(Collected data)
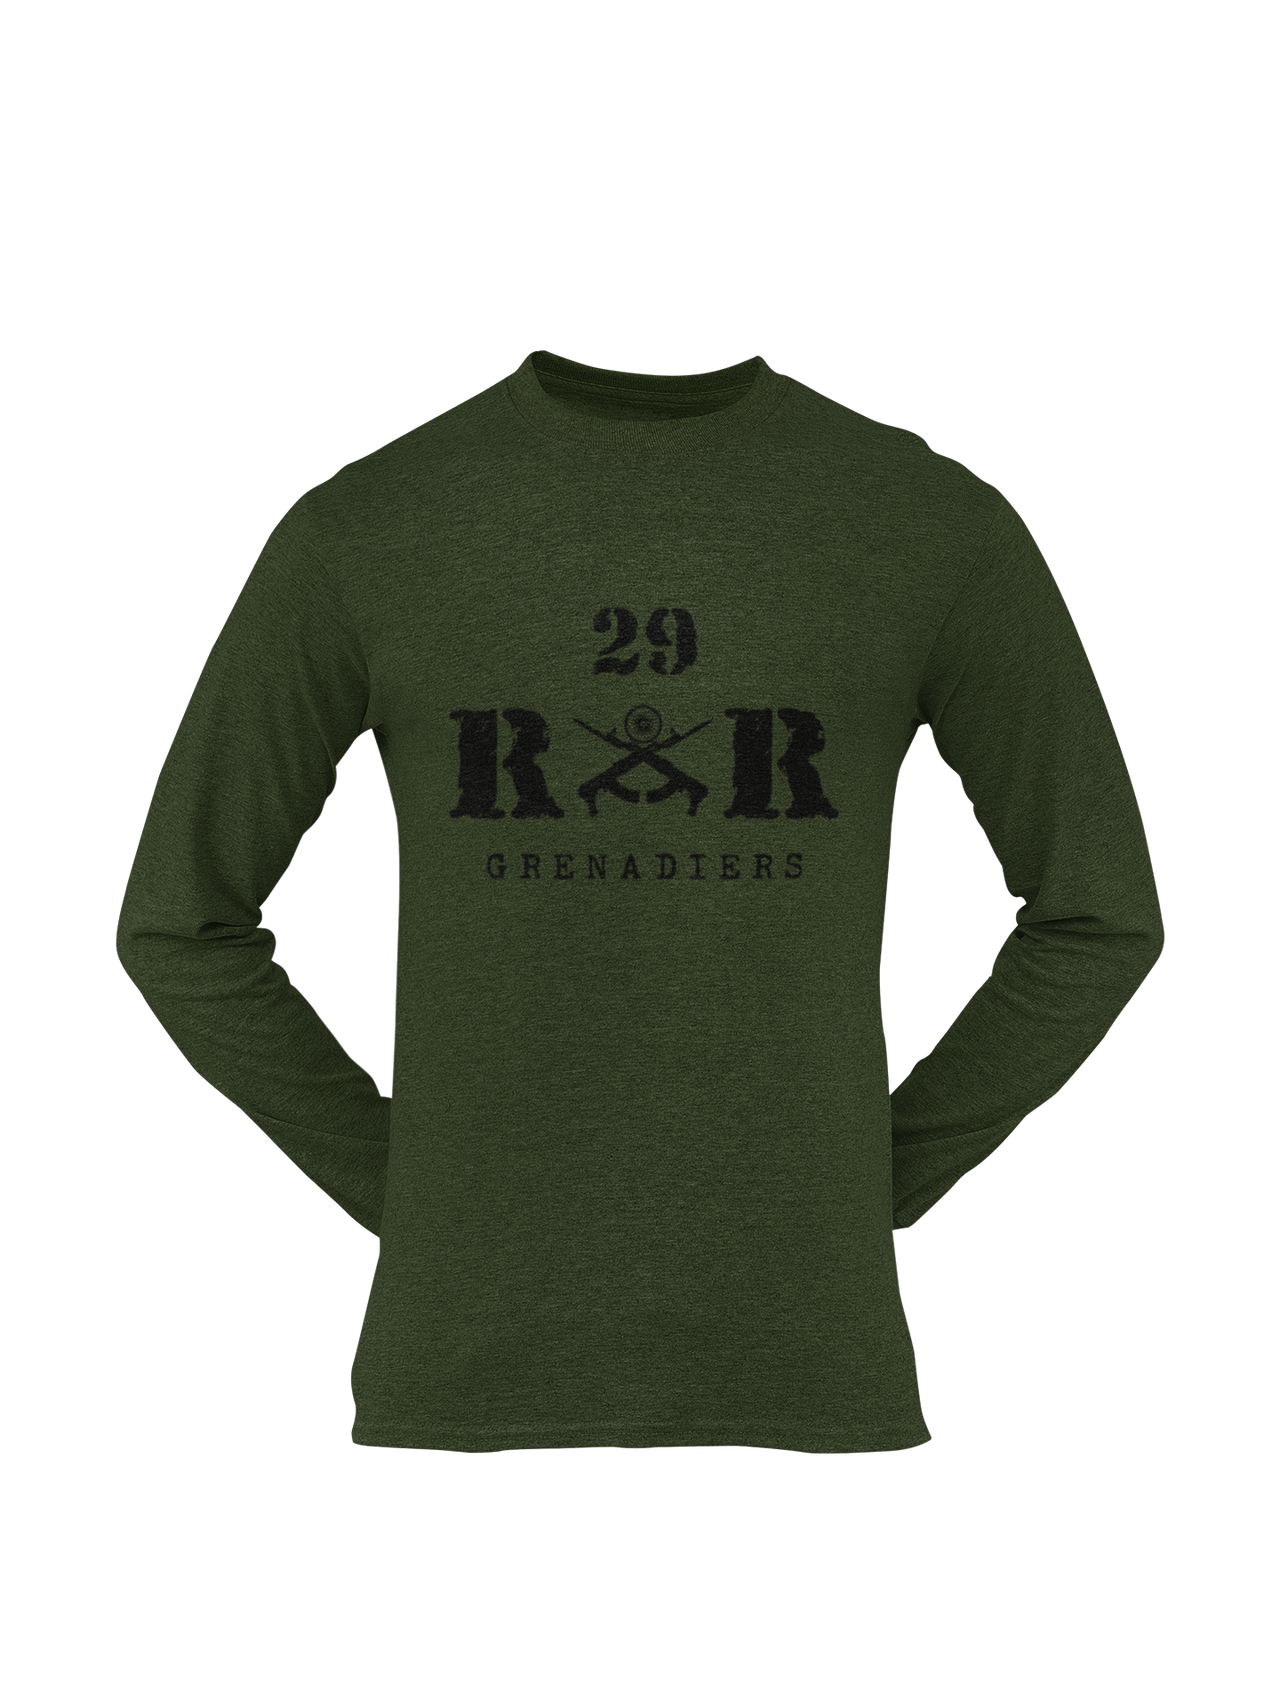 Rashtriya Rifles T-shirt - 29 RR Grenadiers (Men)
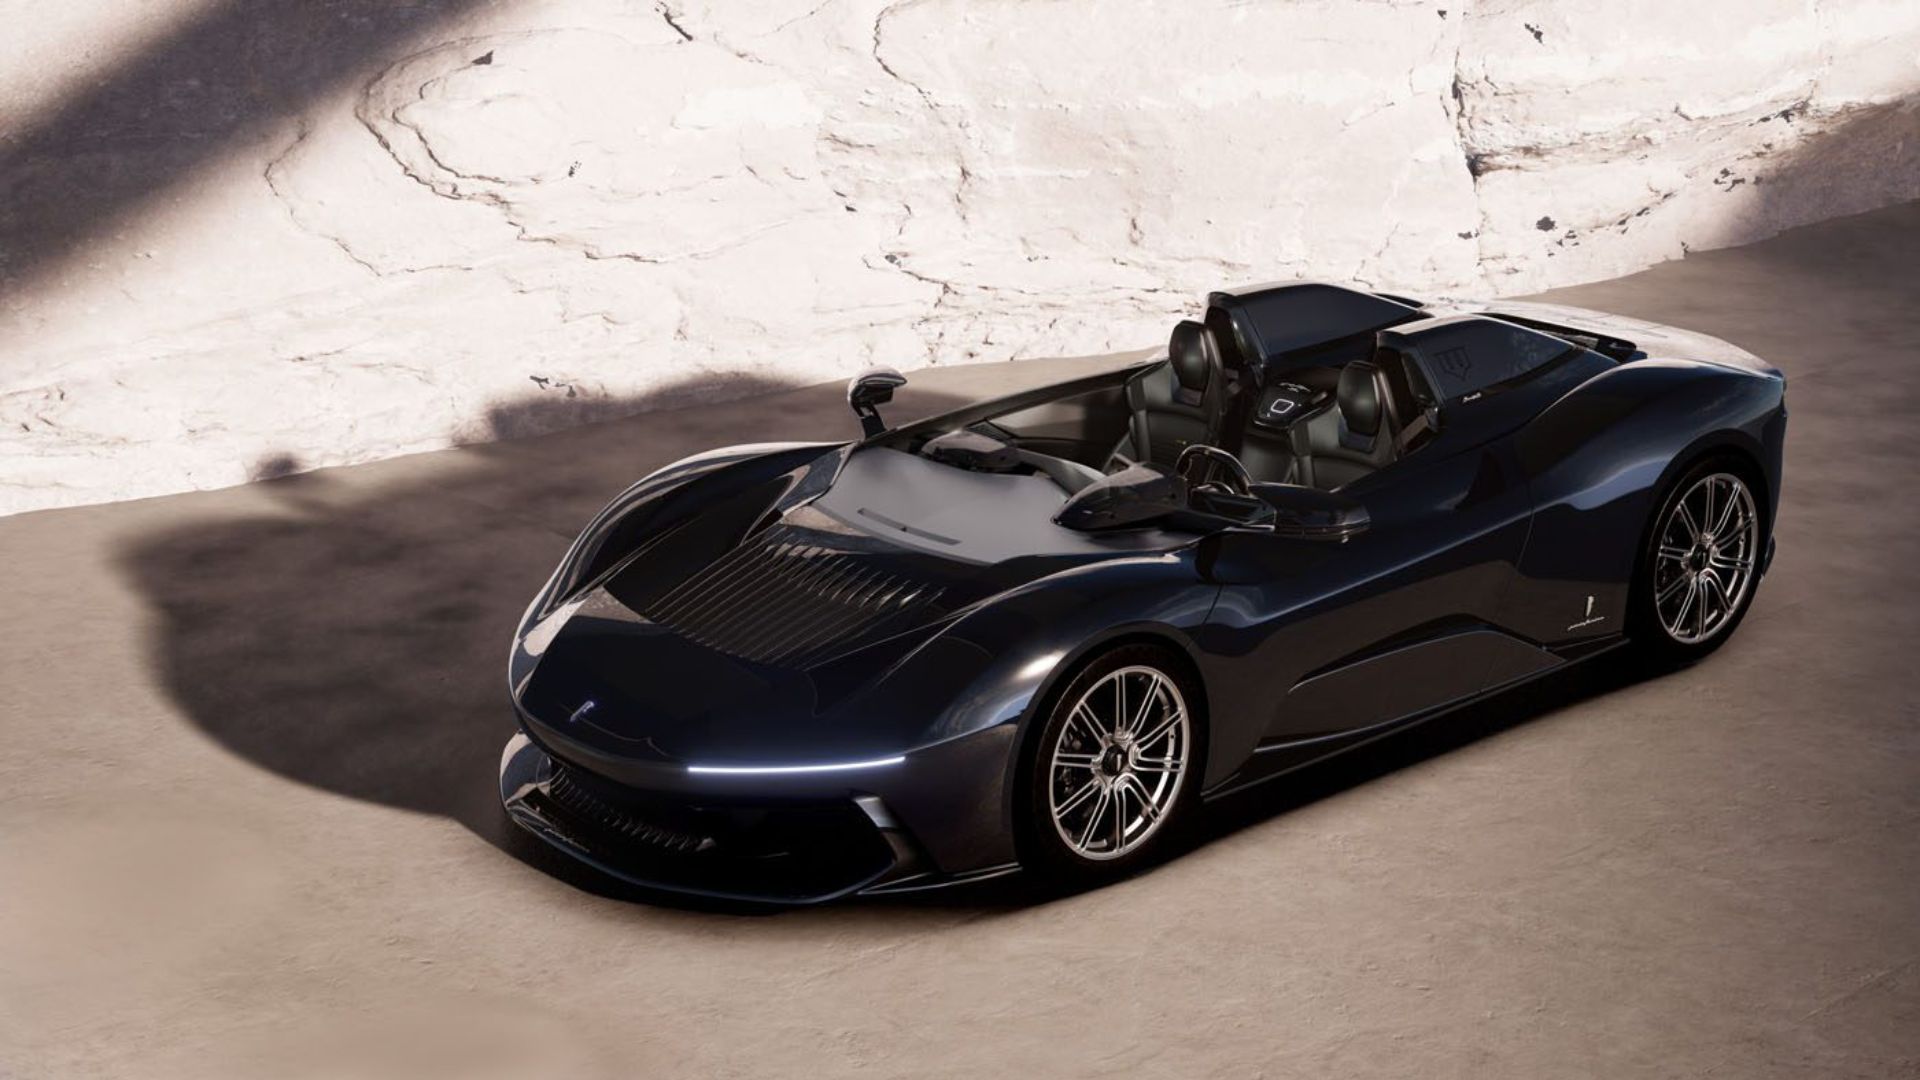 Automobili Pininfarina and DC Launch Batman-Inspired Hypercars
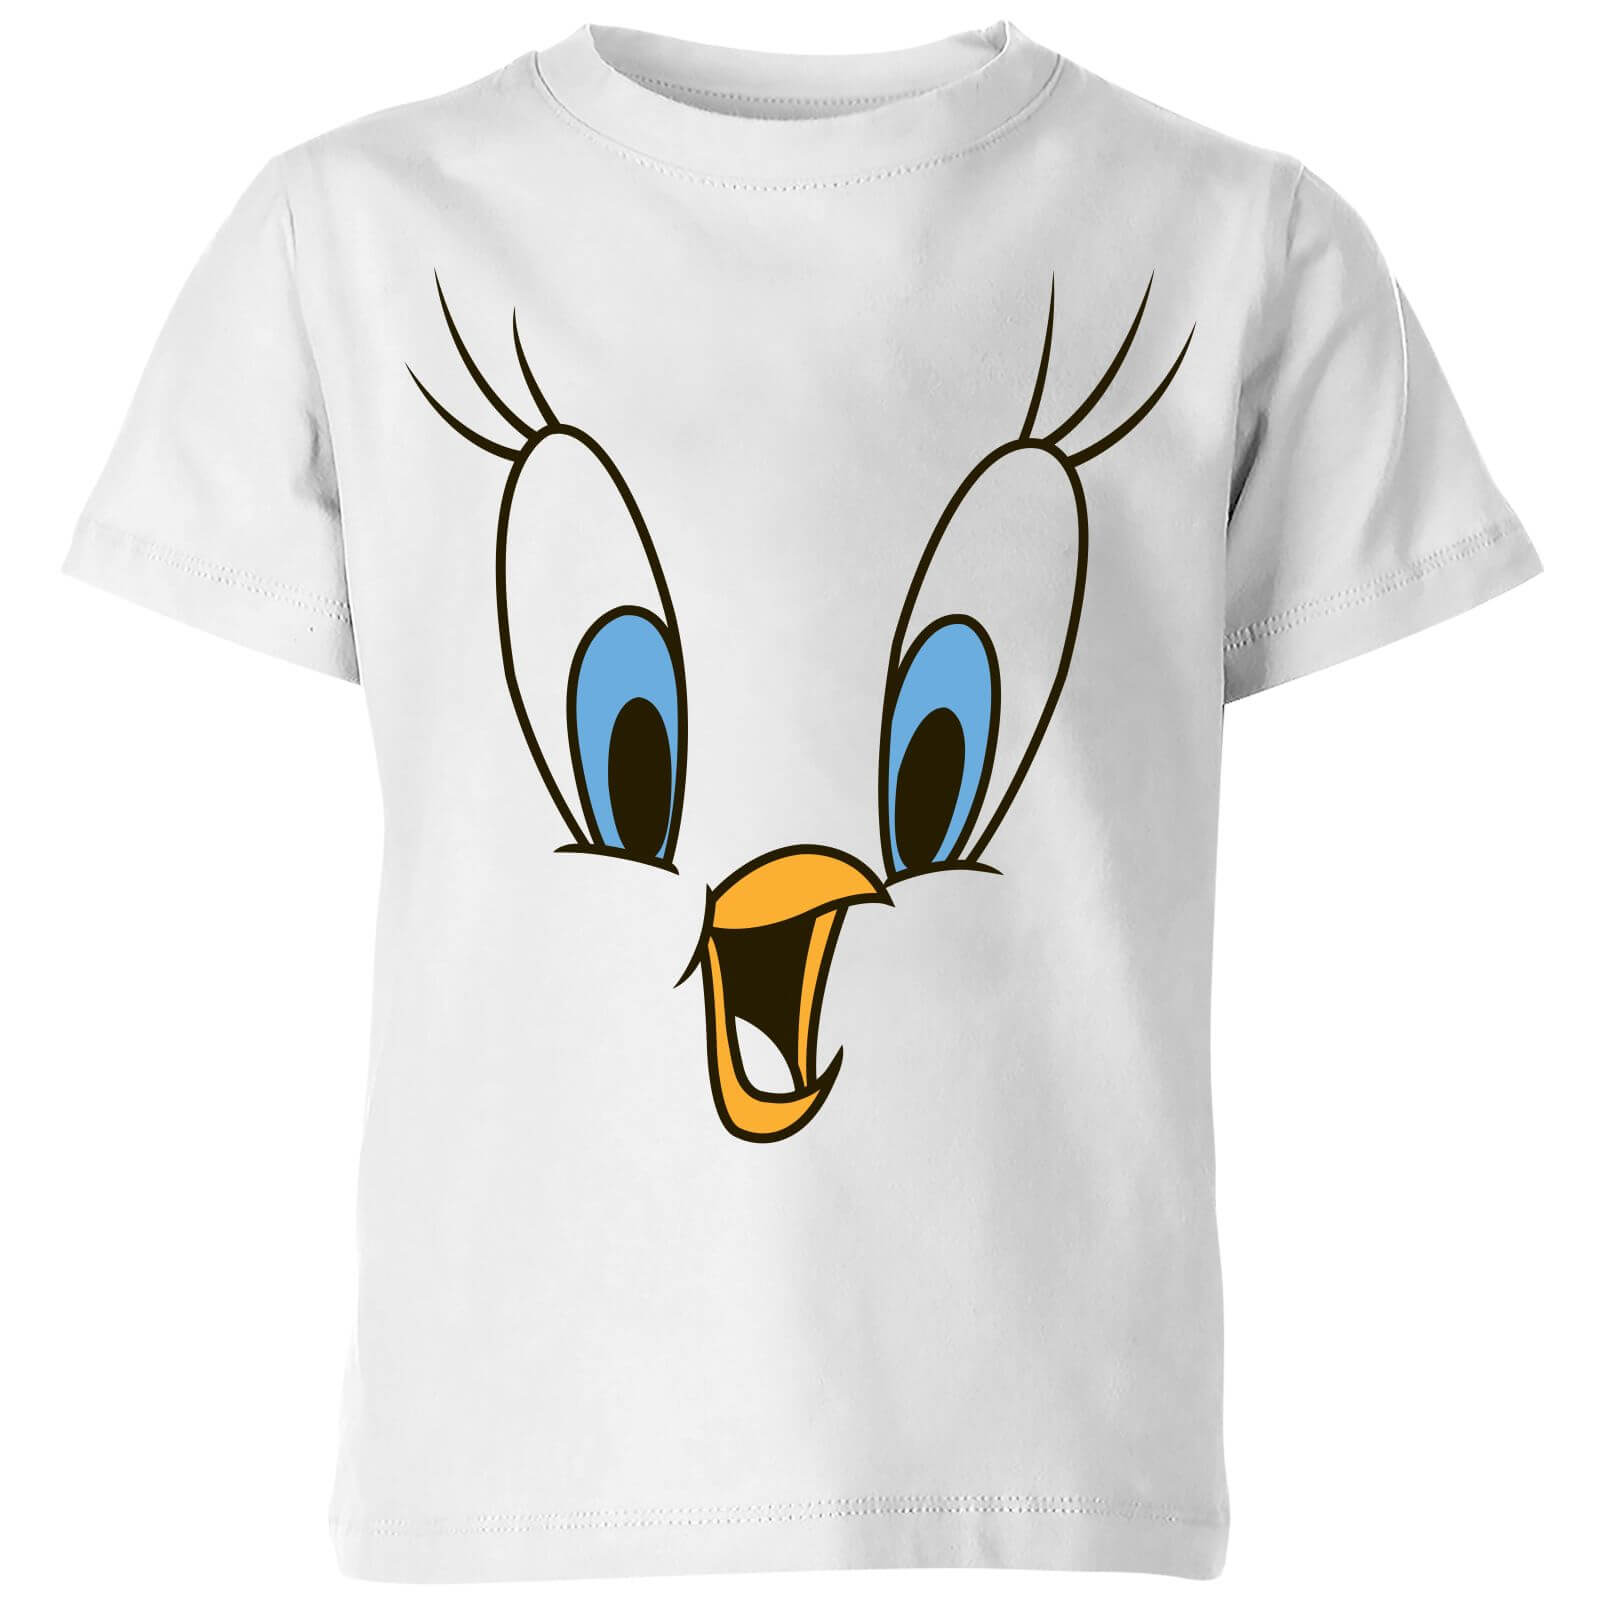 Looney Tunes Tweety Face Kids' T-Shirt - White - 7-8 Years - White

(Problem details) Without the pictures, copy the material exactly as given.

(Completed exercise)
 Rashtriya Rifles T-shirt - 29 RR Grenadiers (Men)
 Automobili Pininfarina and DC Launch Batman-Inspired Hypercars
 Looney Tunes Tweety Face Kids' T-Shirt - White - 7-8 Years - White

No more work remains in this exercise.